You and I both know Russia has so much weapons grade plutonium that it has been selling it in one form or another, by agreement, to the Americans for years.

Russia mines its own uranium for weapons purposes, no matter what the Australian Left hopes. This is the widely recognised mine your own weapons grade principle - no matter what the civilian market is doing.

In any case Russia also has alternative suppliers of uranium, like Kazakhstan on its border. An Australian uranium ban has no effect on weapons.

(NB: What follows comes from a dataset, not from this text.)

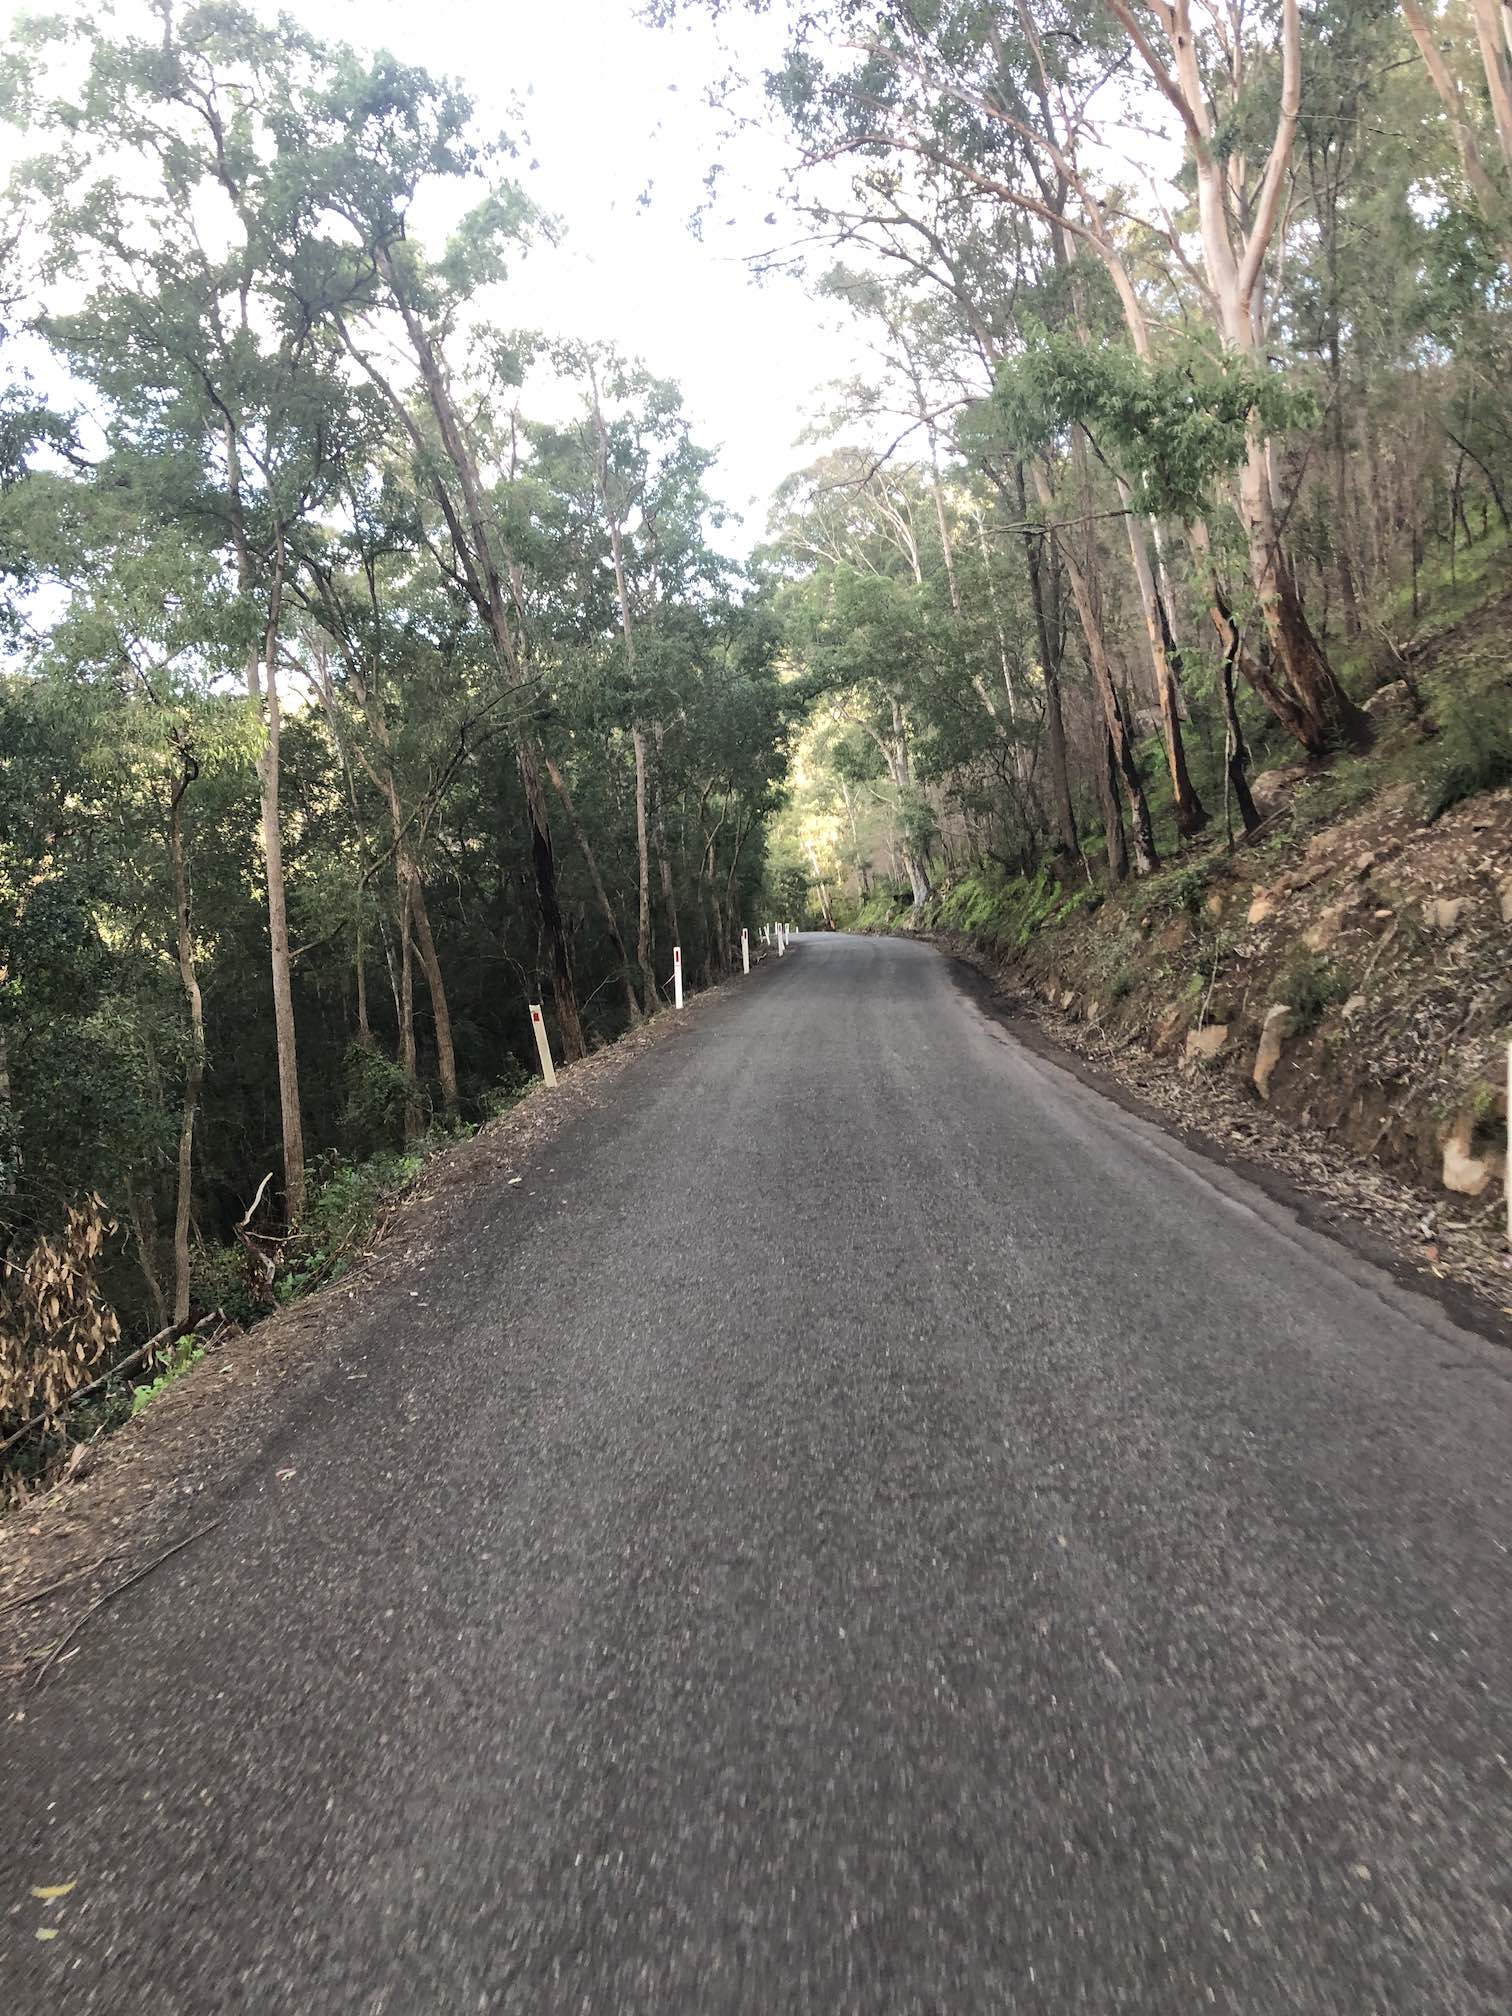 Narrow road winding through Australian bush.
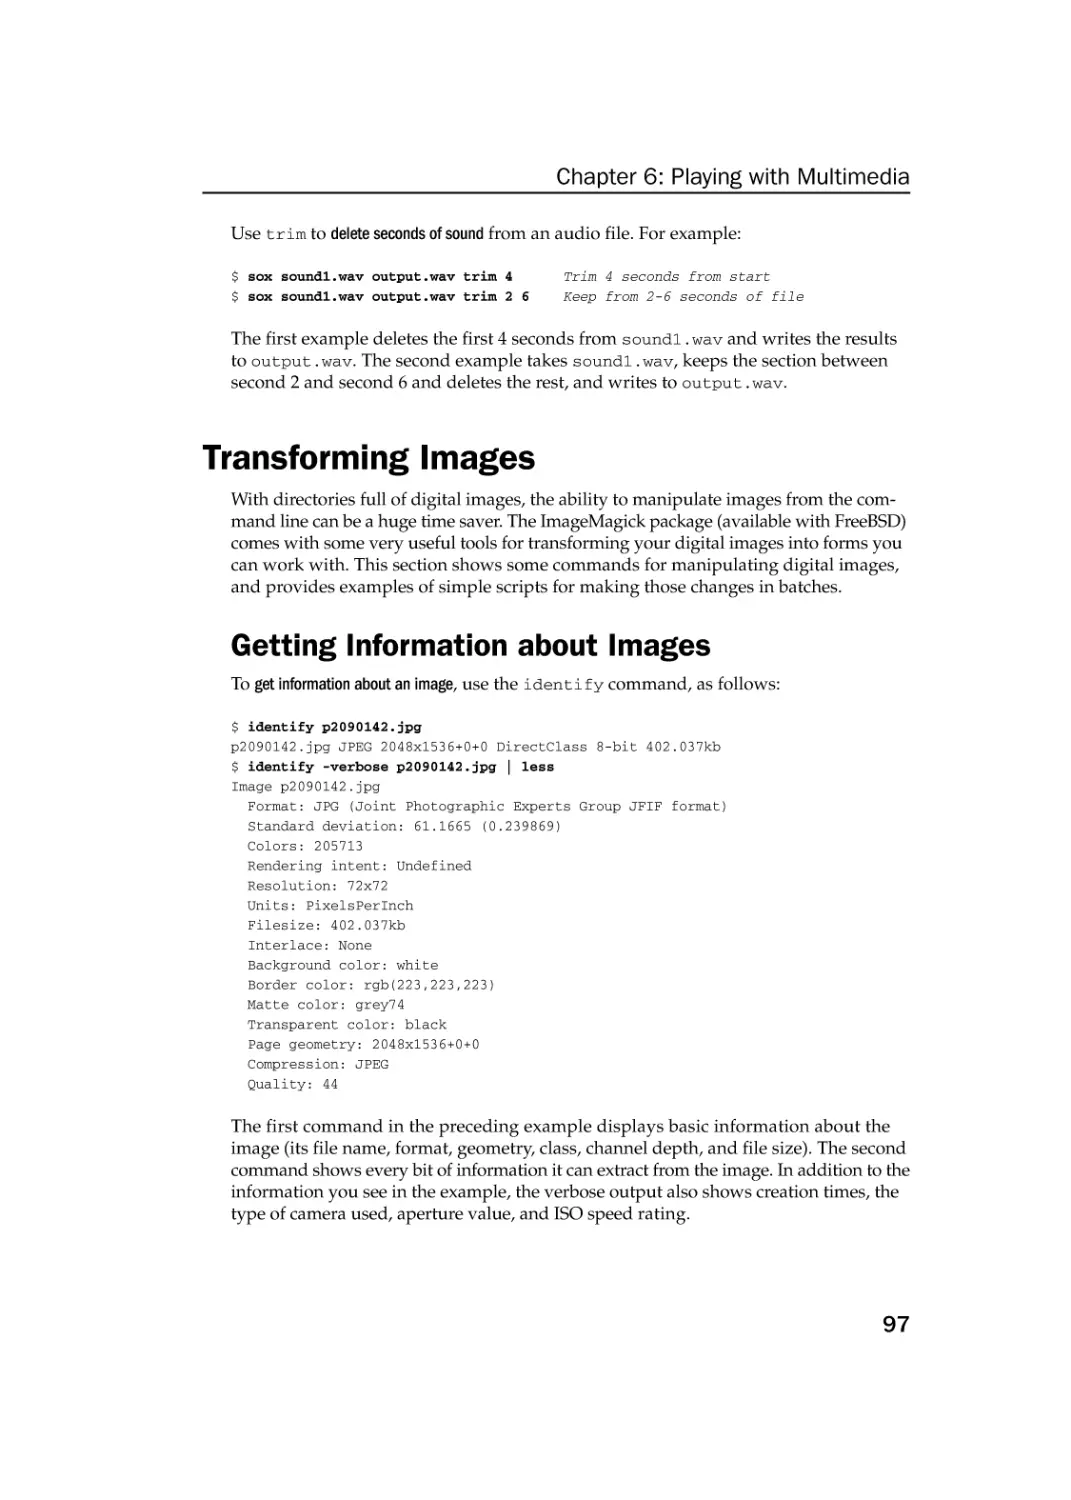 Transforming Images

The point is any uranium export to Russia for reactor purposes will not alter the unsafeguardable weapons cycle of Russian mined uranium going into unsafeguarded (closely protected) Russian reactors (next to reprocesses etc) all specifically built for plutonium production then eventually to weapons configuration.

The price effect of Australia banning uranium to Russia, like our uranium ban for Indian civilian reactors, only makes both countries turn to releatively cheaper greenhouse gas (ofter coal) power stations instead. Hence uranium bans add to the world greenhouse gas problem.

BTW - I'm always amazed how silent the Australian Left is about most of Australia's uranium going to China. Why that silence?

Does Chinese money for First Class bribe tours to China for Third Class politicians speak louder than their principles?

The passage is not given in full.